I think I may have taken a wrong turn here....
Or maybe I need a reboot on my satnav....

Music using samplers....

I'm struggling...


Please assist.....


----------



## Weston (Jul 11, 2008)

What is wrong with samplers? Why are you struggling?


----------



## SixFootScowl (Oct 17, 2011)

Samplers are a great idea but unless they contain entire works, are limited in usefulness. They break up great works into bits and then you are supposed to enjoy listening to the fragments? They tend to be purchased, given away, and then sit on a shelf or in a bin gathering dust.


----------



## GreenMamba (Oct 14, 2012)

I thought he meant electronic samplers. Those synth devices. I wouldn't necessarily have a problem with them in Classical. All depends on the result.

But we'll never know what the OP meant. Future academics will debate it for centuries.


----------



## Guest (Aug 22, 2015)

To clarify (!) my post was as a result of listening again to the eRikm/Ferrari/Lehn piece Les Protorhythmiques. I struggle to get any personal psychological coherence from it.


----------



## GioCar (Oct 30, 2013)

One of the works I discovered recently and liked immediately is Goebbels' Suite for Sampler and Orchestra. 

If not done yet, I'd strongly recommend to give it a try.


----------



## Guest (Aug 22, 2015)

Ah....Surrogate Cities? Yes, I've listened to some of that before. Quite enjoyed it too.


----------



## Guest (Aug 23, 2015)

I'd like to know more about what exactly you are struggling with.

Composers have been using prerecorded sounds in compositions for quite a long while. Records at first, of course, but then the perfection of tape recording meant you could record your own sounds to use in your composition. And there are cassettes and CDs, too. Samplers are just more efficient. Easier to work with. Easier than laptops, too, though there are ways of making your laptop behave like a sampler. Laptops are probably the most versatile musical instruments ever.

But philosophically (and hence musically), there's no profound difference between using a couple of turntables to make music and using a sampler to make music. And many people use both.


----------



## Guest (Aug 23, 2015)

Well...

Maybe I just need to listen to more...and repeatedly...and I shall...

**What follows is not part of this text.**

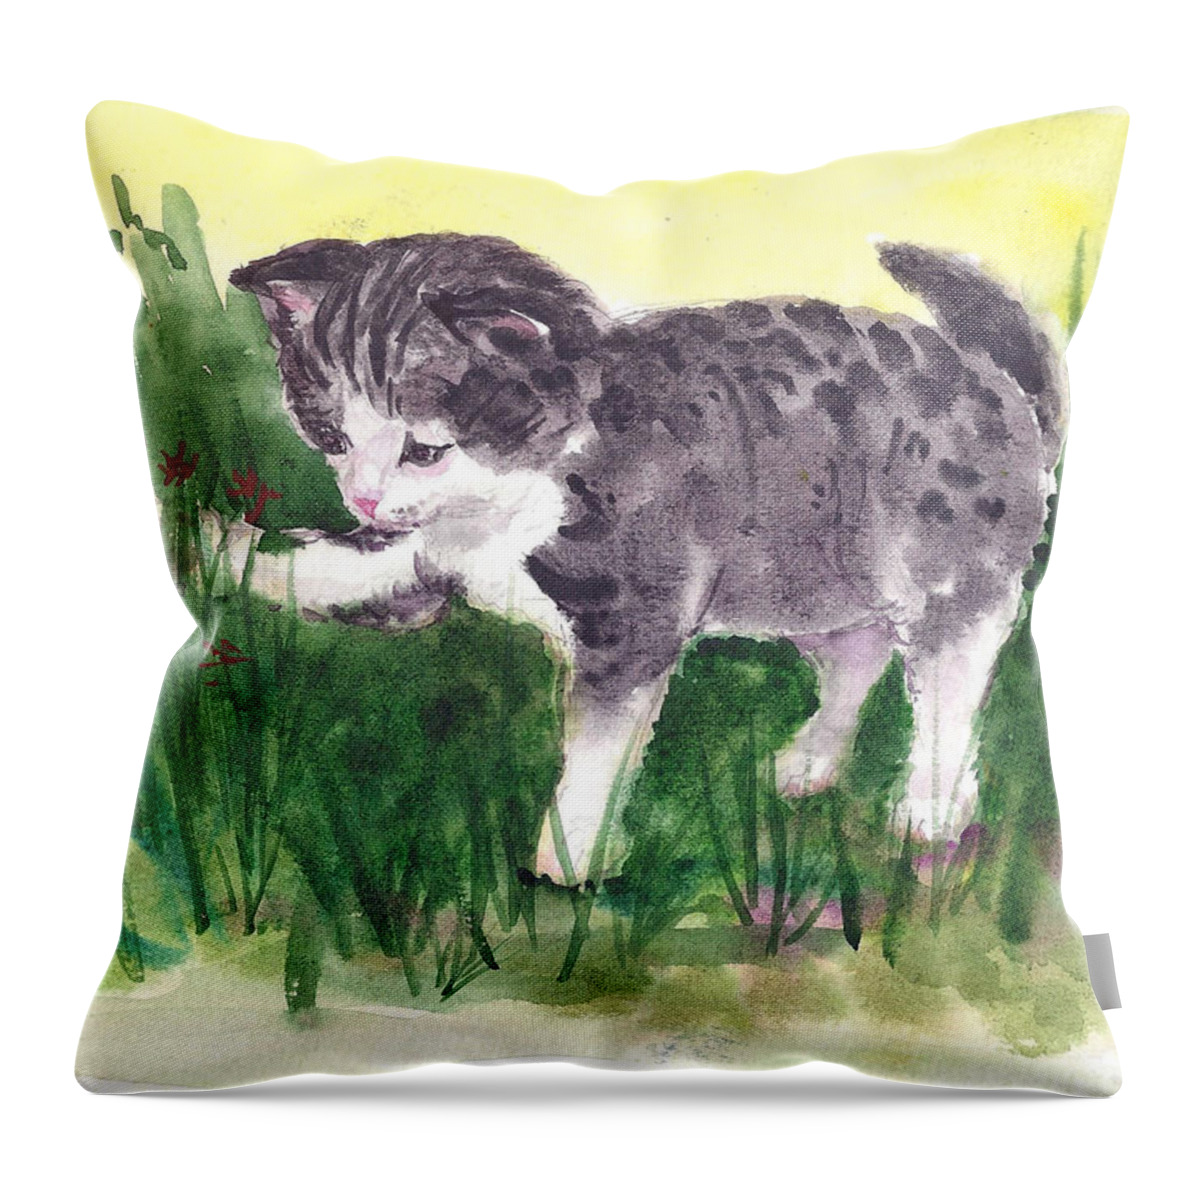 Kitten Throw Pillow featuring the painting Playful Kitten by Asha Sudhaker Shenoy

But I think what I mean is the samples sort of stick out like sore thumbs from the rest of the music; it doesn't seem integrated with it. It sounds like adjuncts to the music going on...


----------



## Guest (Aug 23, 2015)

By way of a probably rubbishy comparison, the sampling in Portishead's music seems (in my head!) to be integrated, to be a part of the overall sound creation.


----------



## Guest (Aug 24, 2015)

Ah, OK. That's understandable. I guess I don't hear things as "samples" and "rest of the music," so the sticking out business has never been an issue for me.

That might be because I had been listening to electroacoustic music and then turntable music for many years before I ever heard anyone doing music with samplers, which, to my ears, was just more of the same. 

Or "the same." Obviously, there are differences. Any machine* will imprint it's particular personality onto the music. The human just has to be stronger, that's all!!

*meaning whatever you're using to make sounds. A trumpet is a machine. A CD player is a machine. A piano is a machine. And so on....


----------



## Guest (Aug 24, 2015)

some guy said:


> Ah, OK. That's understandable. I guess I don't hear things as "samples" and "rest of the music," so the sticking out business has never been an issue for me.
> 
> That might be because I had been listening to electroacoustic music and then turntable music for many years before I ever heard anyone doing music with samplers, which, to my ears, was just more of the same.
> 
> ...


Thanks. Yes, this is my suspician: that I need more exposure for the melding into one musical experience.


----------